# Confused about Husband's private activites



## busybee (Nov 14, 2009)

I posted this in the General Relationships section, but I think this is where I should have put it first.

I don't know who I can trust to talk about this and I saw this forum, so I thought I would give it a shot. 

My husband and I have been married for 3 yrs, together for almost 6 and everything has always been really good, no fights or anything but I found out something about him that really bugs me. Our computer crashed a few days ago and the tech who was working on it was able to retrieve a bunch of files, including pictures on naked men and a lot of naked mens butts. I

t bothers me b/c I don't look at this kind of stuff and I didn't know why it was saved to the computer, so I started doing a little digging and I looked at my husband's email and msgr and i found out that he has been talking to other guys when I'm not home. Most of the conversations are short and limited to talking about oral and such but it BUGS me! 

He doesn't know that I found out about this stuff and I dunno what to do. He has never shown any interest in other guys EVER but we are kind of freaky in the bedroom (i know tmi) but nothing that would make me think he wanted that kind of stuff from the same sex! Is this a normal thing for guys to go thru and should I say something to him about it. 

I don't know if I can have sex with him again without thinking about this stuff. Anyone been thru this before? I could really use some advice.


----------



## MarkTwain (Aug 1, 2008)

It's no big deal. In the UK 30% of men have had some sort of same sex experience by the time they are 40. And that's only the ones that admit to it! It does not make them gay.

Some men feel that fantasising about men is less like cheating than fantasising about other women. It's just eroticism. Eavesdroppers and spies need to be able to handle what they discover. I bet you have not told him about your every passing daydream and fantasy?


----------



## blue_eyed_angel (Nov 12, 2009)

MarkTwain..I looked at your website, and I'm curious as to what your professional credentials are, or what type of background/education you have? For offering your one to one services?

Thanks!


----------



## MarkTwain (Aug 1, 2008)

blue_eyed_angel said:


> MarkTwain..I looked at your website, and I'm curious as to what your professional credentials are, or what type of background/education you have? For offering your one to one services?
> 
> Thanks!


And what was your assessment of my writing?


----------



## HappyHer (Nov 12, 2009)

Perhaps he's bi-sexual, or perhaps he's just curious. Men have such a negative image of being gay or bi, that they usually will not want to share that with anyone, but it's really a lot more natural than many would like to acknowledge. 

I think the best thing to do is talk with him about it. Is he just curious, has he had past experiences with men? Either way, his commitment is to you. How far can he go with another man before it's considered cheating? Is saving the naked pictures okay with you, what about his communications with these other mean? 

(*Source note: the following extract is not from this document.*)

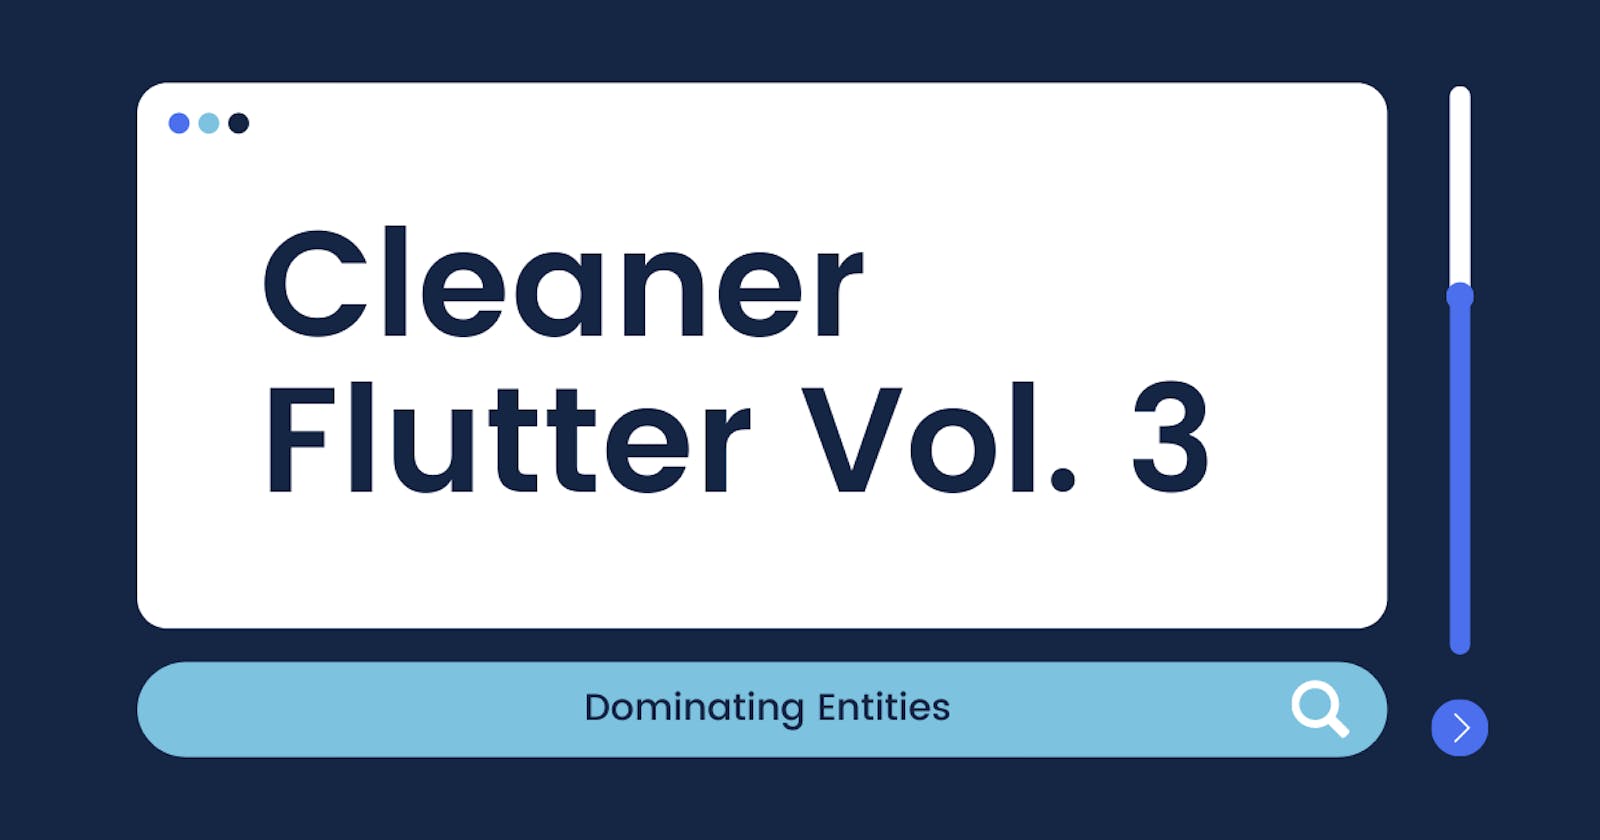 Cleaner Flutter Vol. 3: Dominating entities

It doesn't sound like he's having an affair or cheating, so I wouldn't worry so much about that. Try your best to be supportive while you work through this with him. Maybe you'll even be able to add a new level of love making if you indulge in this with him, not the actual act of him being with another man if you don't feel okay with that, but maybe watching porn together, or fantasizing, or role play....


----------



## blue_eyed_angel (Nov 12, 2009)

MarkTwain..I found your articles an interesting read. Since you charge for your services, I was curious as to what your credentials are, thats all.

For the original poster, I would be somewhat concerned if I found that information on our computer. While it doesn't mean that your husband has any intentions of being with a man, it still may warrant a heart to heart at some point to at least open the lines of communication, and at the very least put your mind at ease.


----------



## MarkTwain (Aug 1, 2008)

blue_eyed_angel said:


> MarkTwain..I found your articles an interesting read. Since you charge for your services, I was curious as to what your credentials are, thats all.


My only credential is the marriage certificate I have - together over 20 years, married 18. 

We are happily married, and have a good sex life.


----------



## mike1 (Jun 15, 2009)

It should bug you. I hate that there is some double-standard because it involves same sex encounters. This isn't different then if you found out he was chatting with women about getting blowjobs. There seems to be this laissez faire attitude when someone in a marriage has an interest in other people of the same sex, like it's okay because they might be bi-sexual and it's 'natural' or whatever other BS. So they shouldn't be held to the same standard as straight people. 

I understand why you're upset and you should be! I think there are obviously things you need to talk about with him. 

MT, I really enjoy most of your writings but I really disagree. I think telling someone not to worry about a spouse chatting online to someone else just isn't good advice. Daydreaming and fantasizing is way different then engaging in sexual online coversations with other people, same sex or not. That's when its crossed from a passing daydream to taking action towards to make it a reality. I might have crazy fantasies about my wife's hot cousin or I'll see a beautiful woman and some dirty thoughts go through my head. I'm sure my wife has plenty as well. But we're not talking about the thought police. If I started chatting online to my wife's cousin and flirting or talking about relationships or what I would like to do sexually. That's just crossing a line.


----------



## MarkTwain (Aug 1, 2008)

mike1 said:


> MT, I really enjoy most of your writings but I really disagree. I think telling someone not to worry about a spouse chatting online to someone else just isn't good advice. Daydreaming and fantasizing is way different then engaging in sexual online coversations with other people, same sex or not.


I was only referring to the fantasising. I agree, the chatting may have been going a bit too far. I was in a hurry when I wrote that post. I was trying to get the point across that seems to be lost on Americans that many men have a bi side - even if it's only in fantasy. It does not make them gay. just normal.


----------